A similar problem can happen with a single argument, if it's a cell that aliases its own contents (this is UB if the &'static Cell<usize> inside x is an alias for x itself, which can happen if the memory location *x holds a pointer to itself):

fn f2(x: &Cell<&'static Cell<usize>>) -> usize {
    x.get().set(0);
    x.get().get()
}

On the other hand, there are some similar cases which can't (in current stable Rust), as far as I know, lead to undefined behaviour in code that uses no unsafe internally. For example, a &Cell<Singleton<&'static Cell<usize>>> (where Singleton<T> is a non-Copy transparent public-field wrapper around T but can only be constructed once per program execution) probably can't be directly exploited in safe Rust because the only way to observe the value inside the Singleton would be to move the Singleton out of the cell, but it can't be moved out because there's no way to construct a replacement Singleton to swap/replace it with.

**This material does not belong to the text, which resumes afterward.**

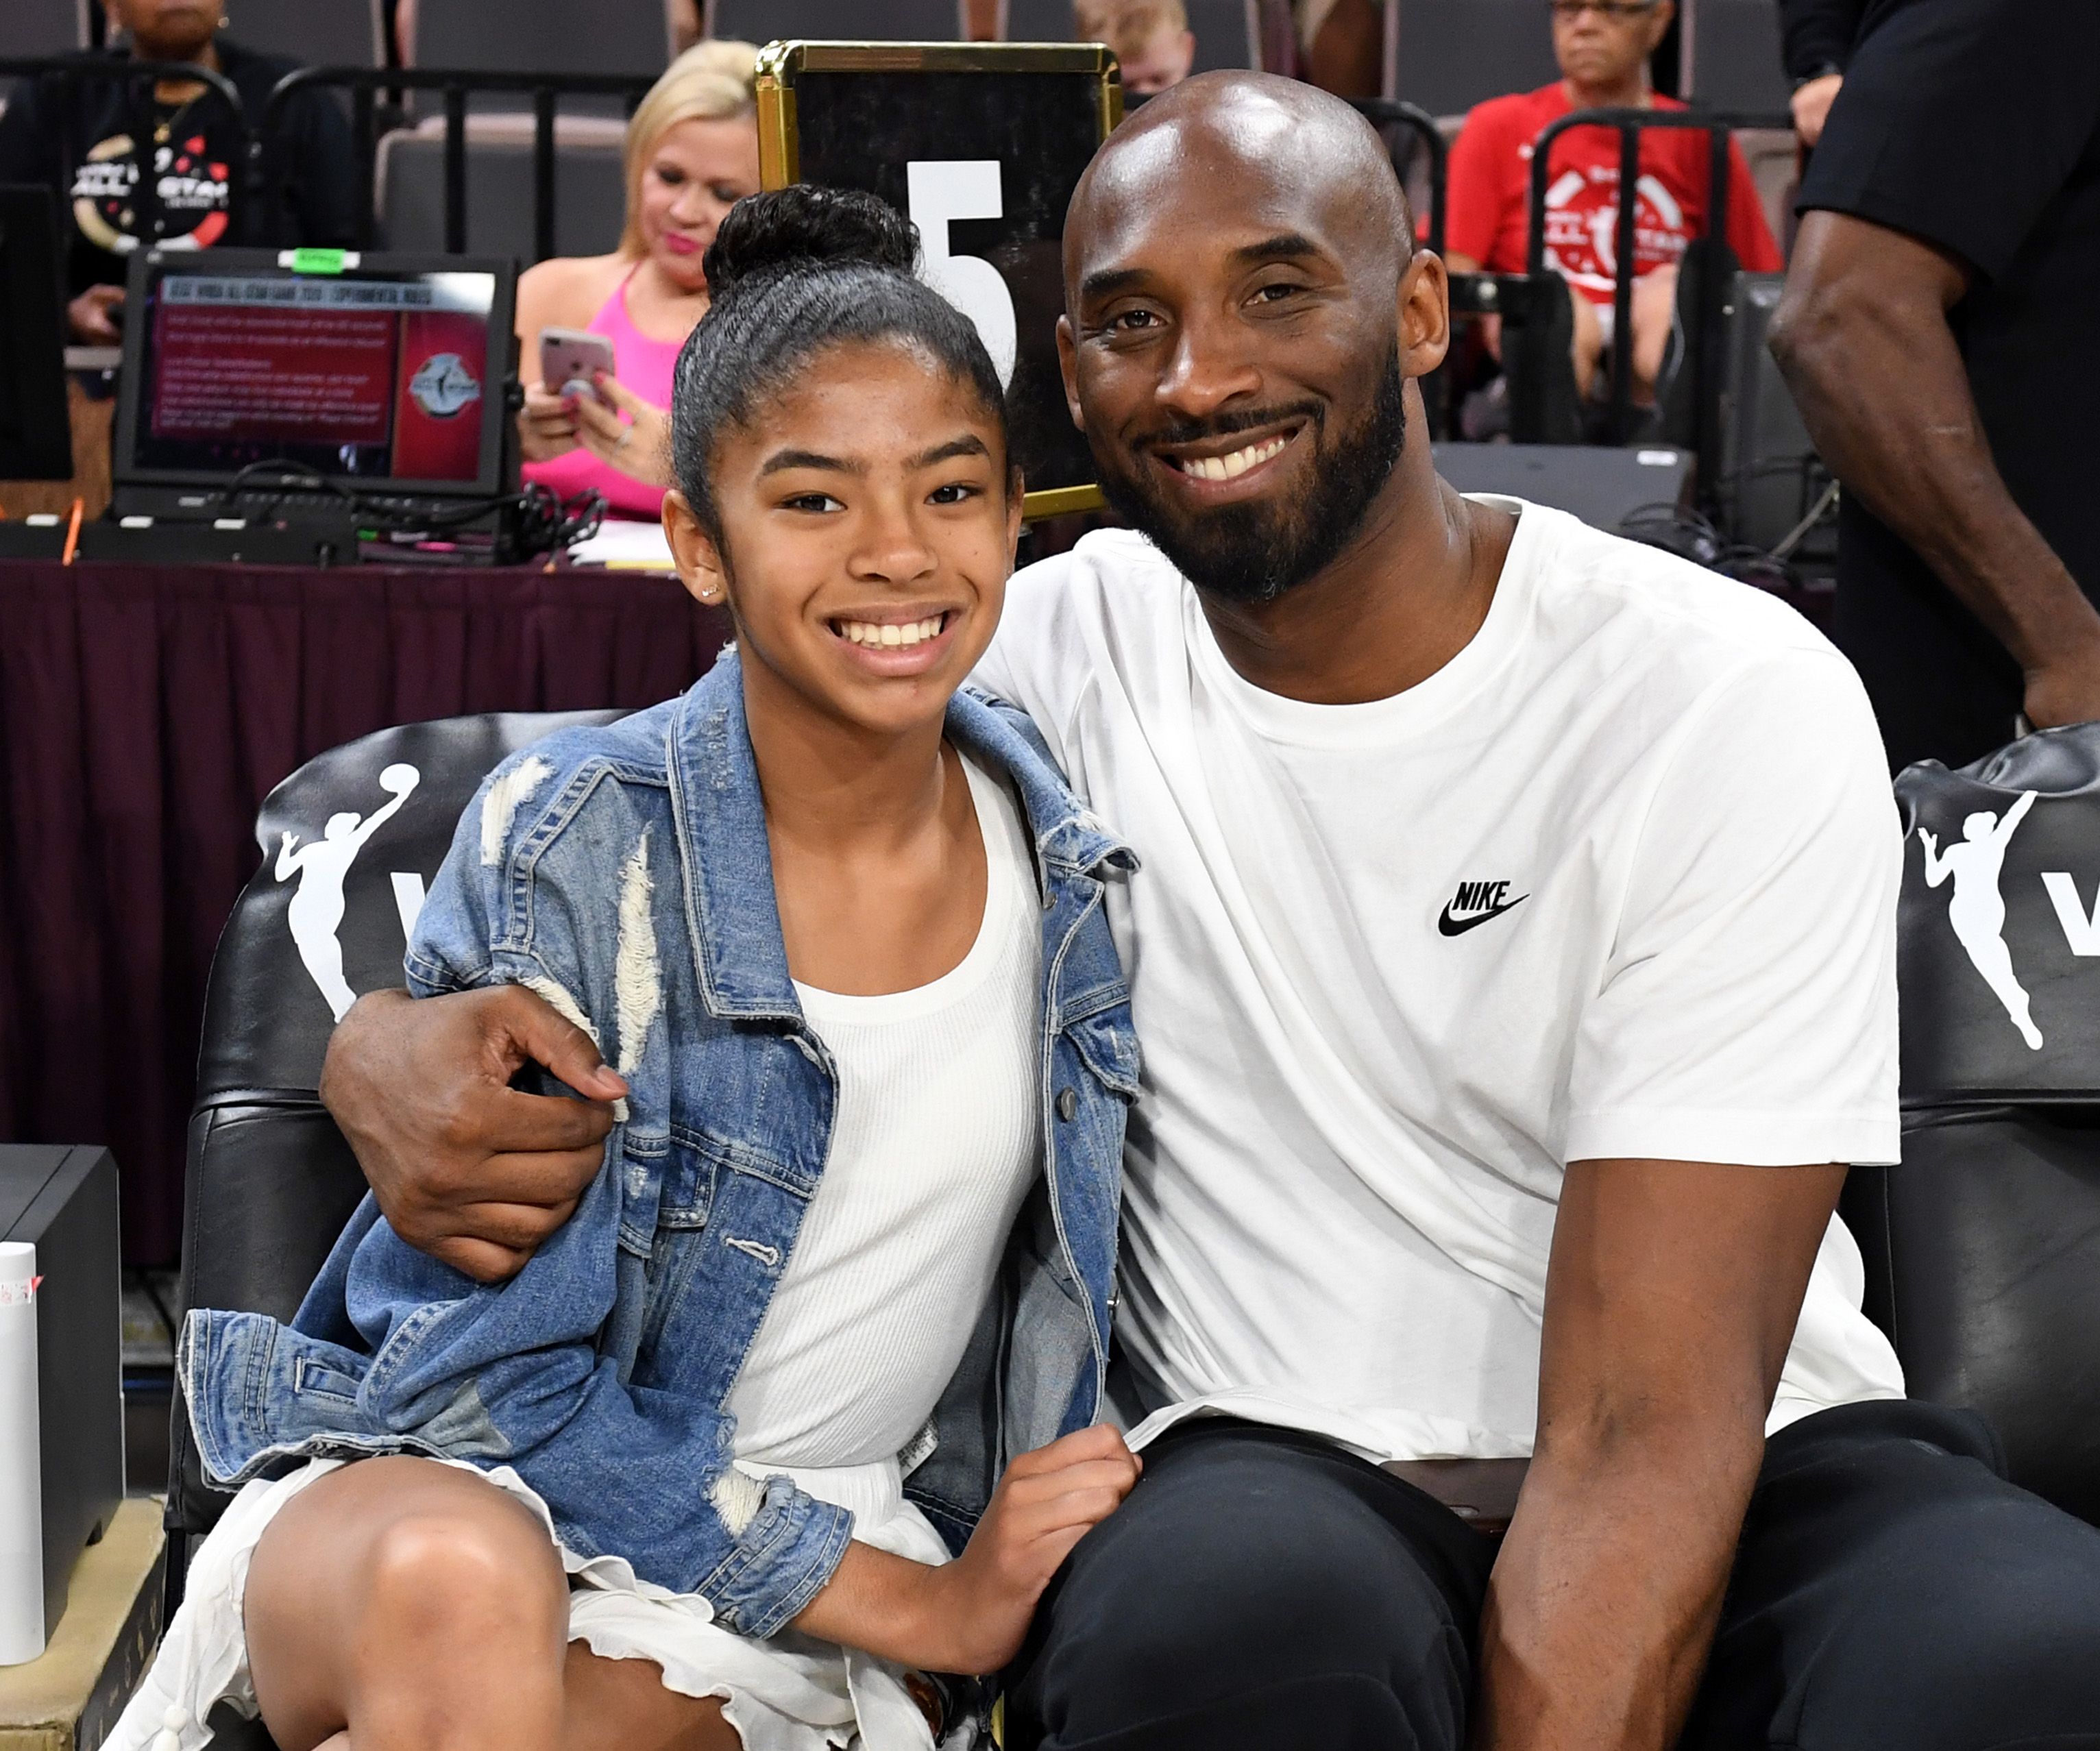 Gianna Bryant and her father, former NBA player Kobe Bryant, at the WNBA All-Star Game 2019 at the Mandalay Bay Events Center on July 27, 2019 | Photo: Getty Images

It would be possible to say that the explicit choice for the safe-interface safety assumption about aliasing Cells would be "anything that can't be used to cause undefined behaviour without unsafe is allowed". But this would reject some useful code; in particular I'm thinking of rust-lang/rust#145329 which wants to be able to make a safety assumption that an &Cell<Rc<T>> doesn't alias its own reference count (which is a Cell<usize> accessible via a pointer contained in the Rc). But in stable Rust, without using unsafe internally, such a Cell<Rc<T>> doesn't seem to be able to lead to undefined behaviour in code that does not have a T nor Rc<T> and is unable to construct one (because without access to an Rc<T>, you don't have anything to move into the Cell, and thus can't use any of the methods of &Cell except swap and as_ptr which don't help). So it would be nice if the safe-interface safety assumption were a little stronger, making it possible to write a sound Cell::get_cloned().